What the task asks: Transcribe the listing in full, excluding any pictures.

Information supplied:
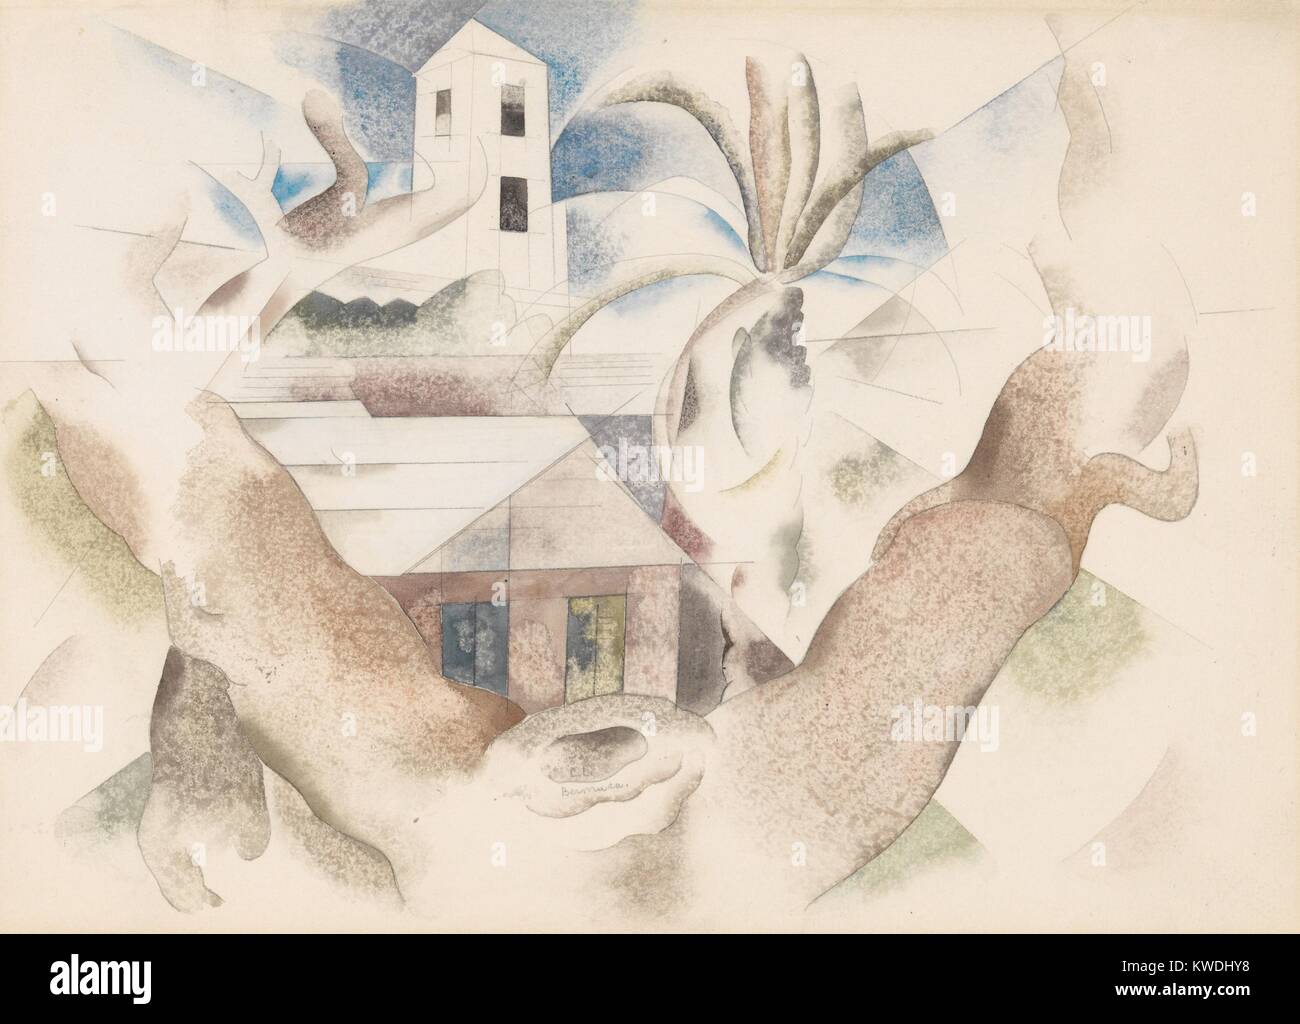 BERMUDA Nr. 1, Baum und Haus, von Charles Demuth, 1917, American Aquarell Malerei mit Bleistift. Kubistisch beeinflussten Landschaft mit Bäumen und Häusern (BSLOC 2017 7 92) Stockfoto
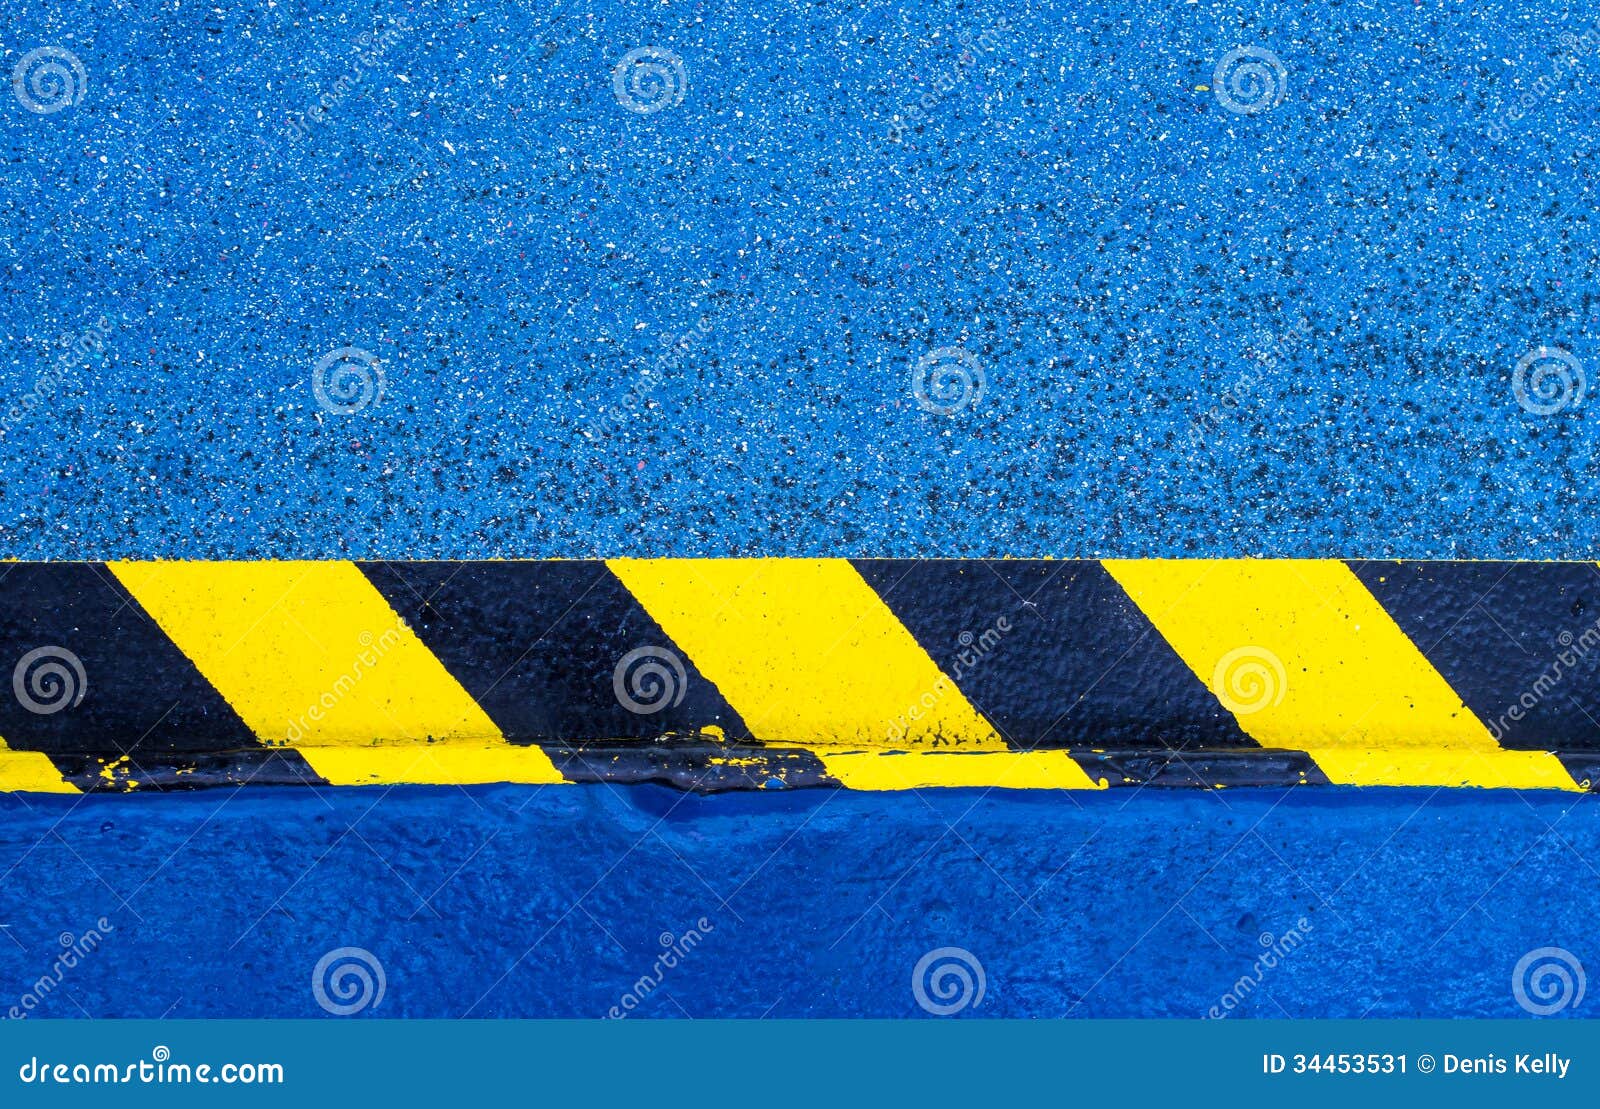 hazard warning paint on floor
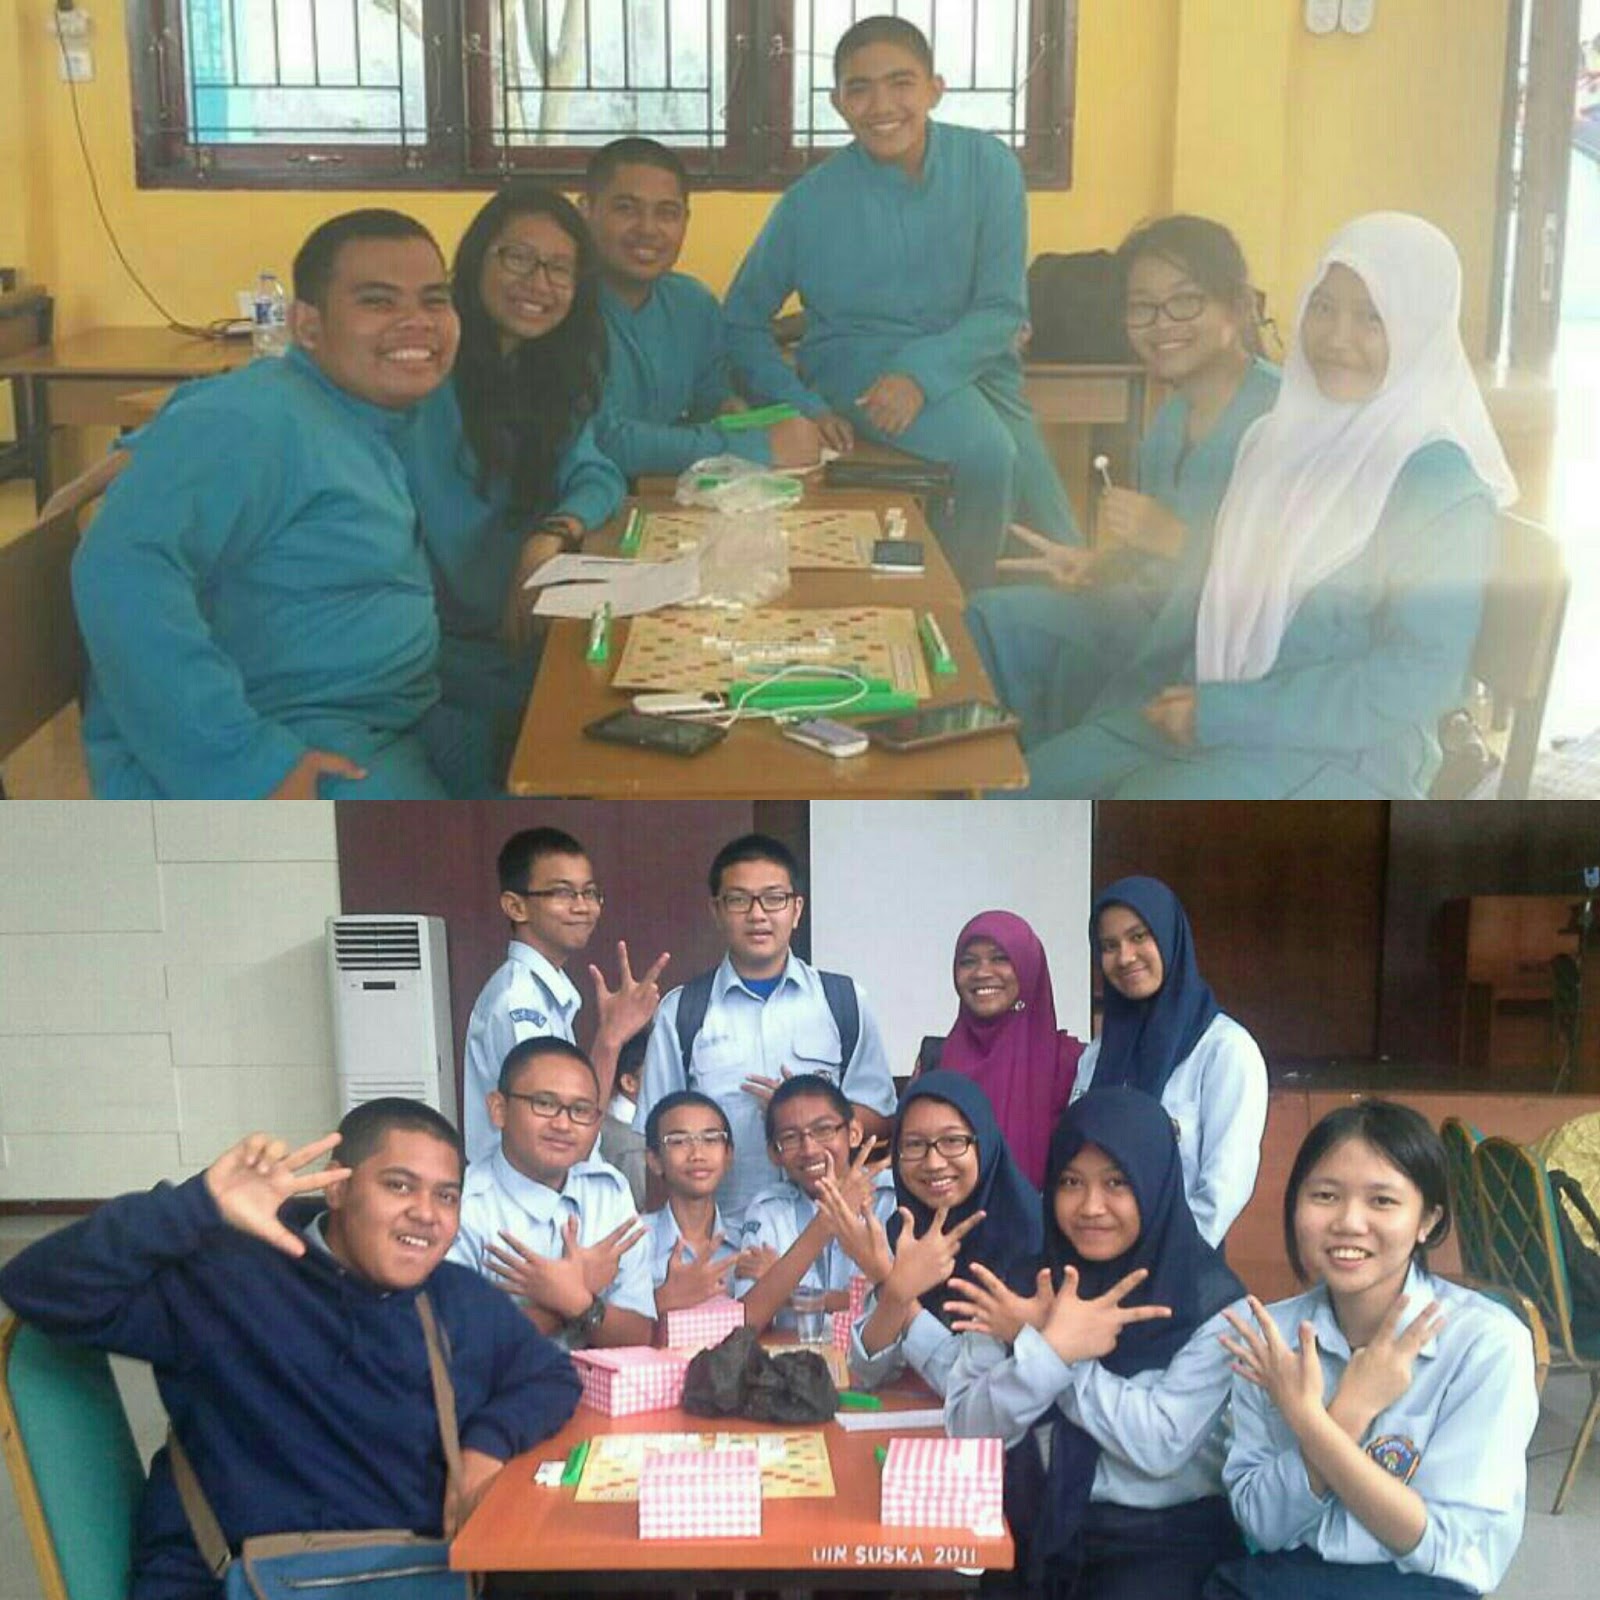 Foto 1 22 Mei 2015 bersama seluruh junior CIBI English Divisi Scrabble 2014 2015 Dari kiri ke kanan Dodo aku Isan Agam Pret Bita

Solution to this exercise:
 BERMUDA Nr. 1, Baum und Haus, von Charles Demuth, 1917, American Aquarell Malerei mit Bleistift. Kubistisch beeinflussten Landschaft mit Bäumen und Häusern (BSLOC 2017 7 92) Stockfoto
 hazard warning paint on floor
 Foto 1 22 Mei 2015 bersama seluruh junior CIBI English Divisi Scrabble 2014 2015 Dari kiri ke kanan Dodo aku Isan Agam Pret Bita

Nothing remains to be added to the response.